Data-driven decision making is the bee’s knees in many fields, but not a whole lot is known about how post-secondary education professionals actually use teaching-related data to better their day-to-day teaching habits.
Supported by a grant from the National Science Foundation, researchers from Oregon State University and the University of Wisconsin-Madison interviewed 59 faculty members and 20 administrative folks from three large research universities. They found that not many instructional data systems exist beyond grades and end-of-course student evaluations. Perceived popularity contests and poor response rates raise red flags about evaluation data’s representation.
Many still maintain the notion that once enough institutionalized measures are put in place, better student learning will somehow follow. Researchers found some teaching professionals were confused by the very idea of using data to improve teaching skills. Rather than some unintelligible bubble-sheet data three months after class ends, for STEM (Science Technology Engineering and Mathematics) students especially, feedback and ongoing engagement with teachers is crucial to success. Struggling students will often leave their fields of study altogether.
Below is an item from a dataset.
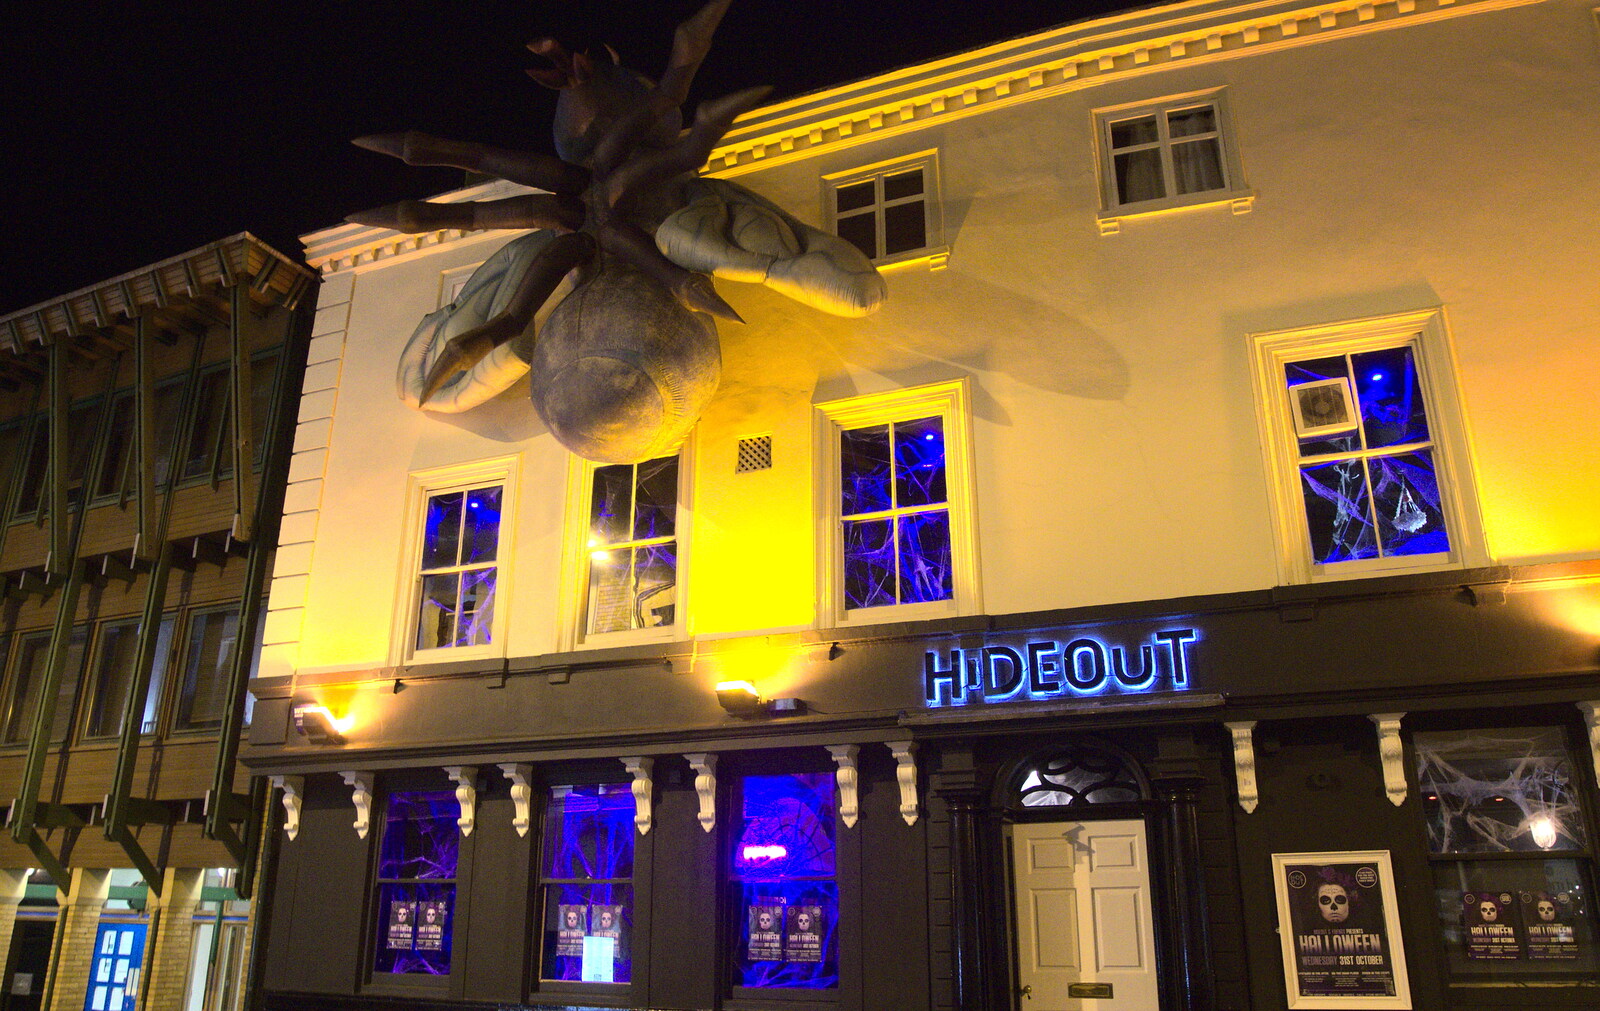 There's a giant spider stuck to Hideout nightclub from The 35th Norwich Beer Festival, St. Andrew's Hall, Norwich - 31st October 2012

Lacking much other meaningful analysis, many educators created personalized opportunities to collect and use meaningful data to examine and improve their own teaching. Authors Jana Bouma-Gearhart and Matthew T. Hard advocated for practice-based research that studies how post-secondary educators actually apply available data. Open-ended student evaluations, education research, and informal discussions were identified as helpful resources for teachers.
Faculty teams that elected to share information relevant to related courses were notably successful at improving individual and organizational learning. The authors noted that, “the desire for improvement and accountability should not trump the interests of those most central to the teaching and learning enterprise – that of educators and their students”.